The whole listing, except its pictures, is to be repeated exactly.

• **INFORMATION SHOWN**
*** Block opens ***

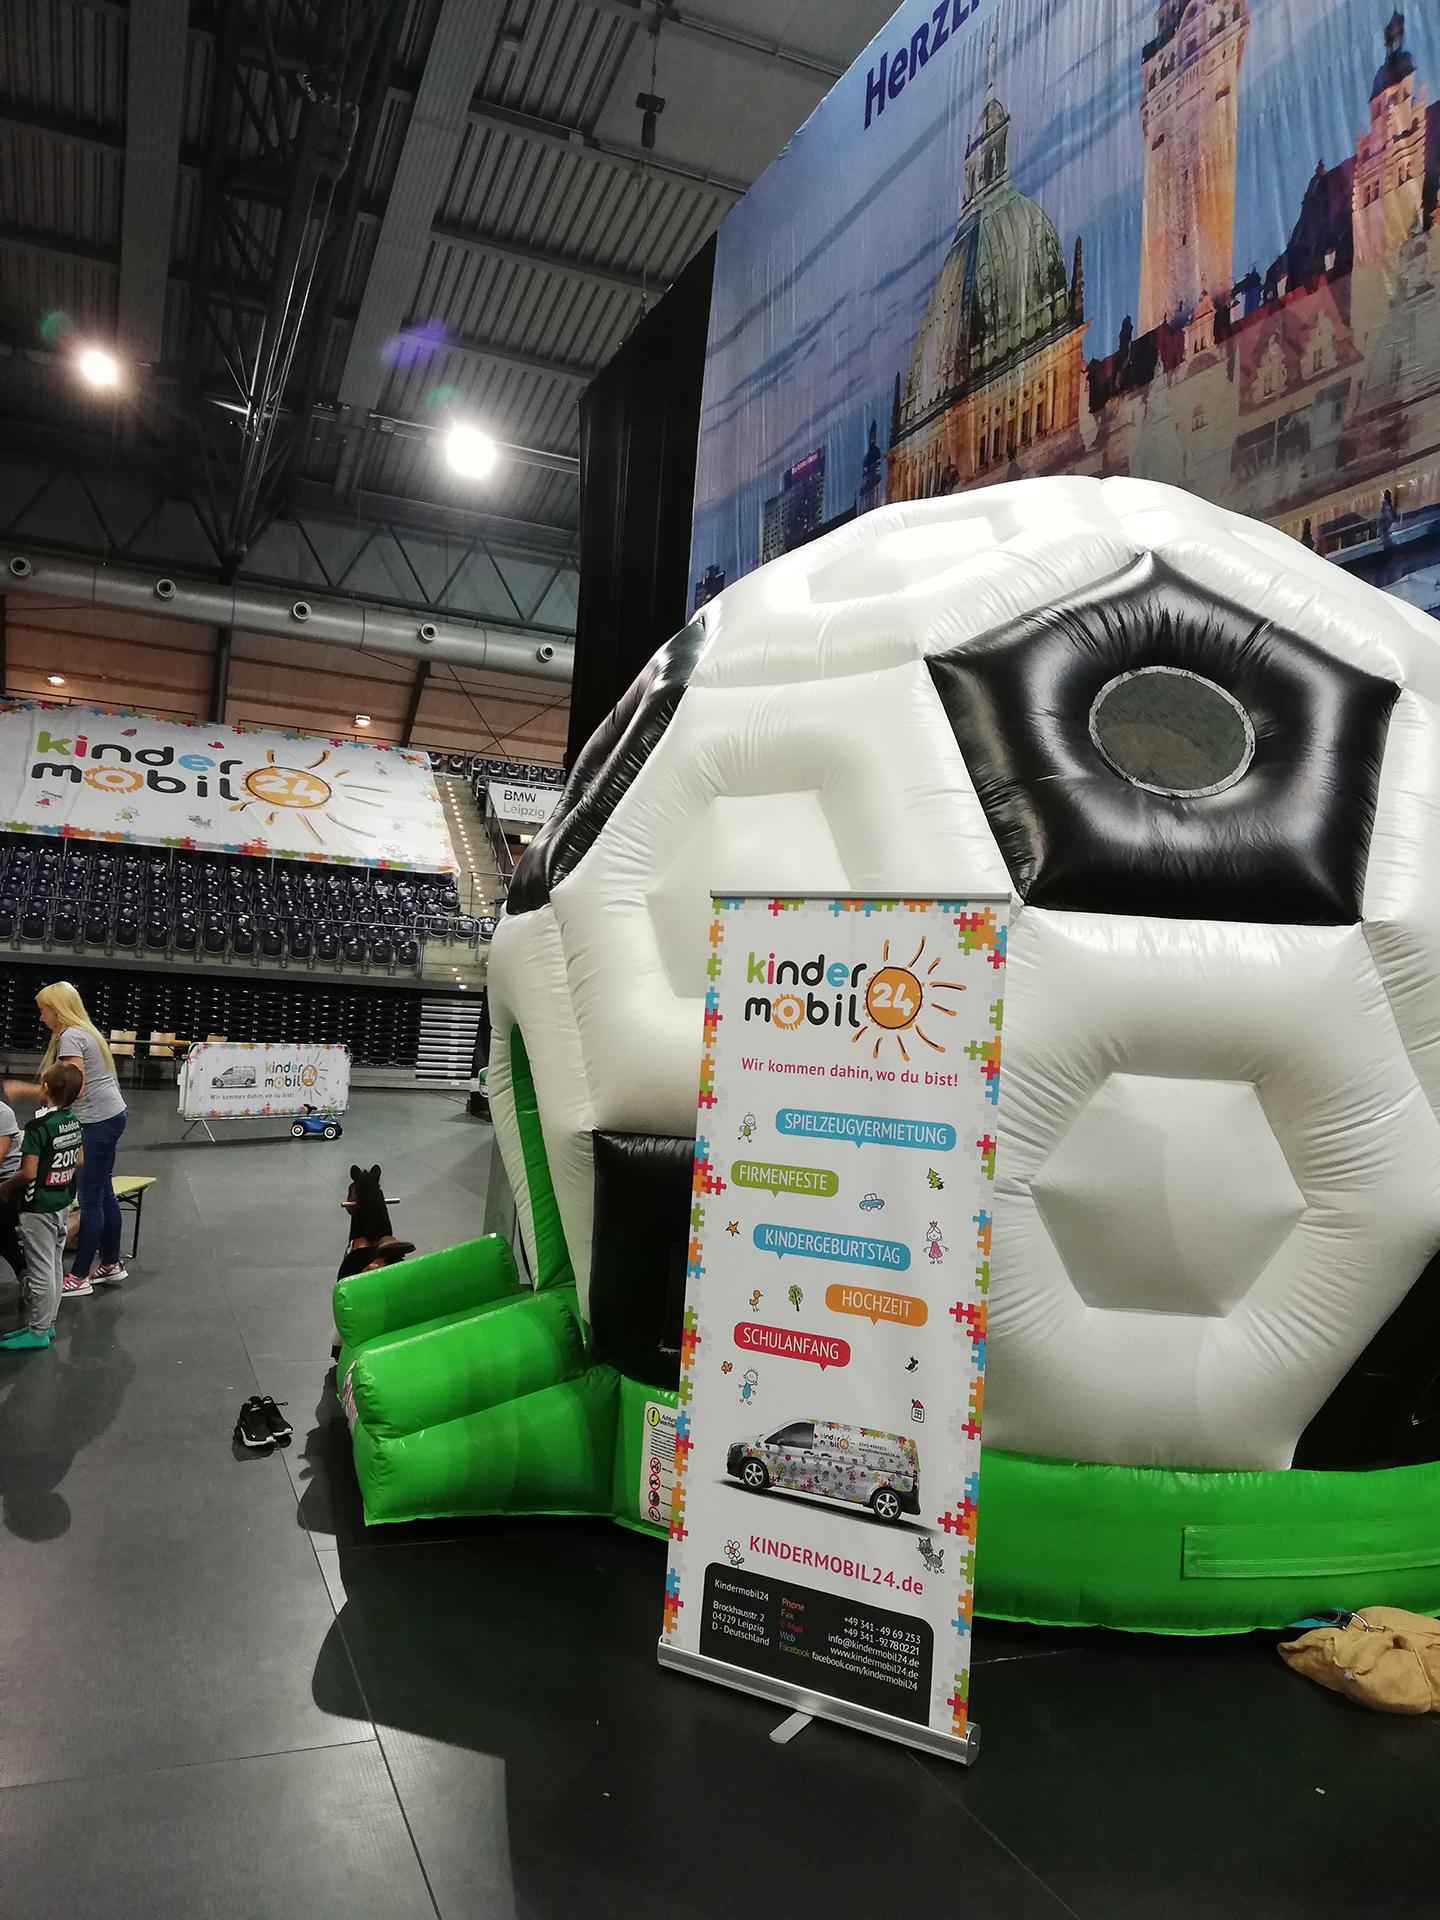 Kindermobil24 mit Fussballhüpfburg beim SC DHfK Handball Leipzig
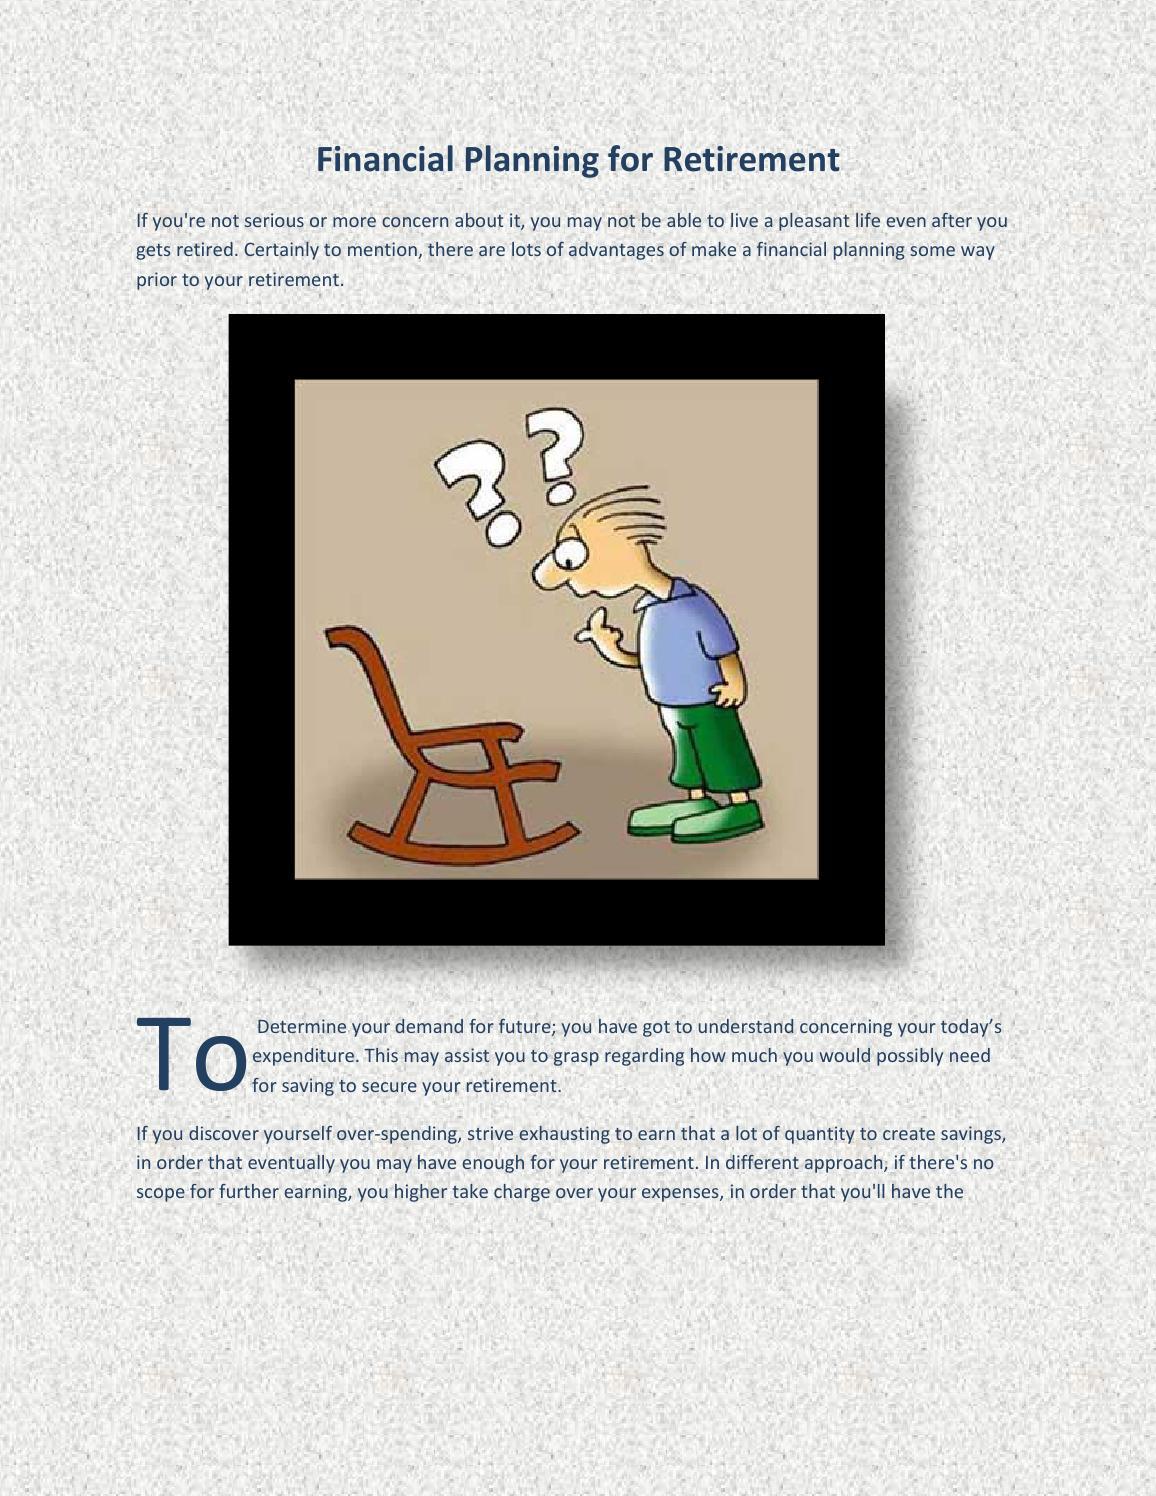 Financial Planning for Retirement by Joelharrisonau - issuu
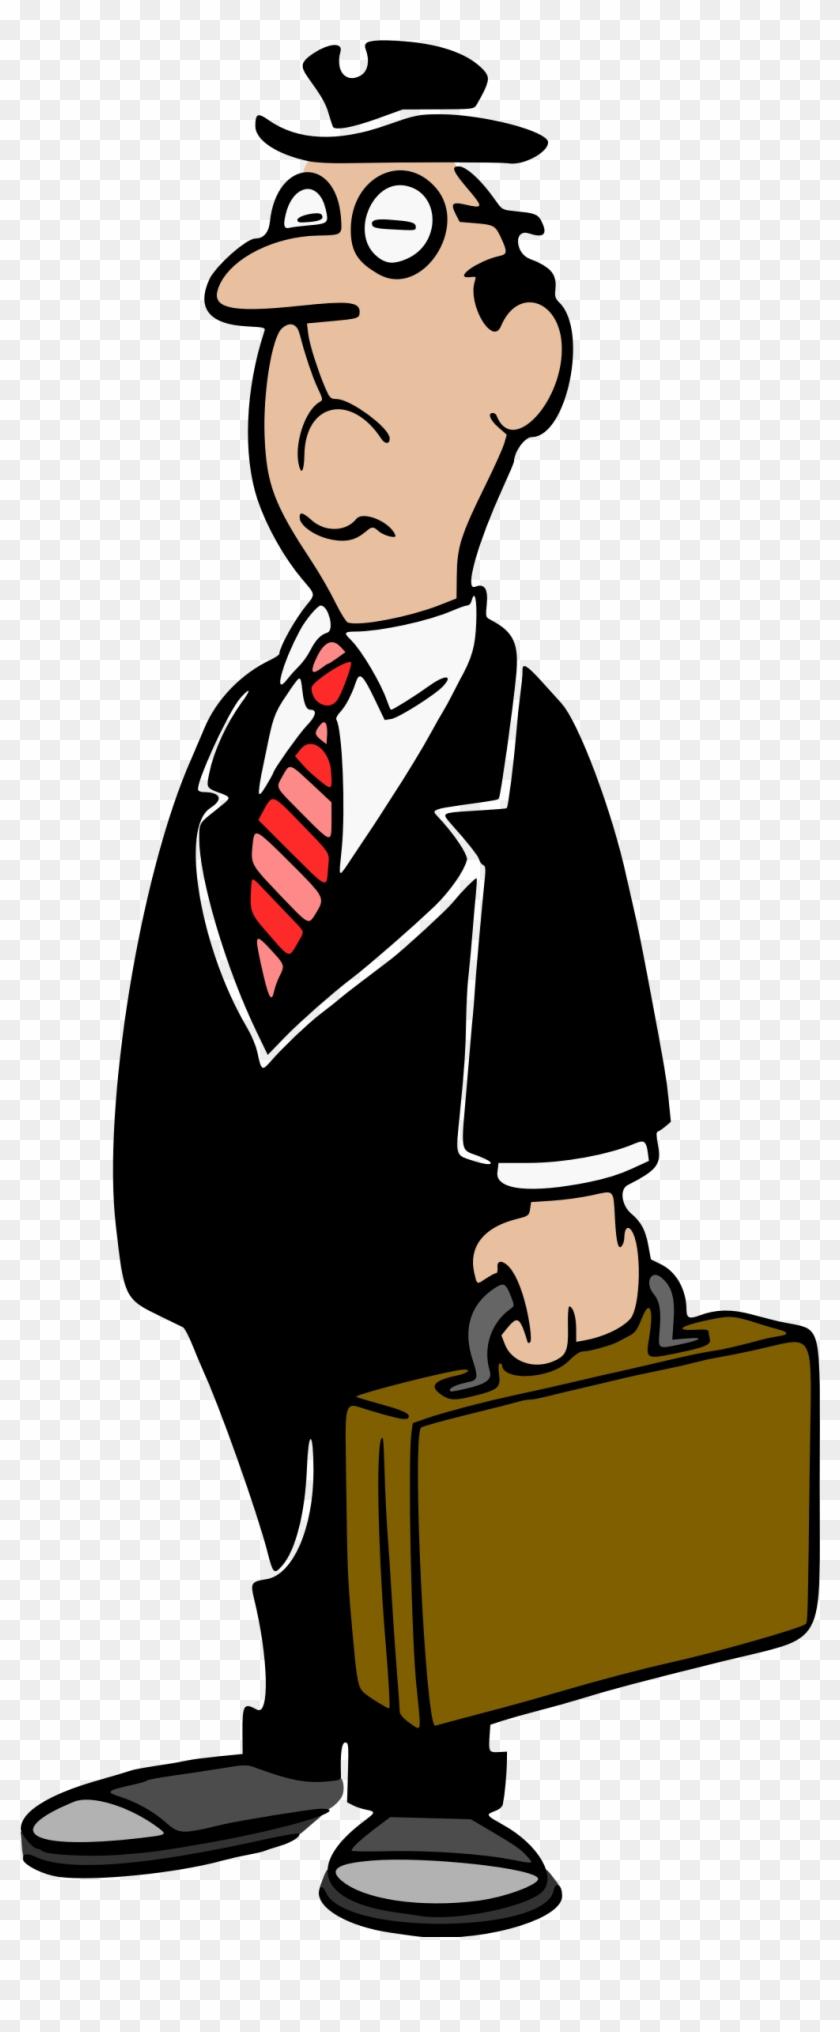 Big Image - Businessman Clipart #126307

*** Block closes ***

• **ANSWER SPACE**
 Kindermobil24 mit Fussballhüpfburg beim SC DHfK Handball Leipzig
 Financial Planning for Retirement by Joelharrisonau - issuu
 Big Image - Businessman Clipart #126307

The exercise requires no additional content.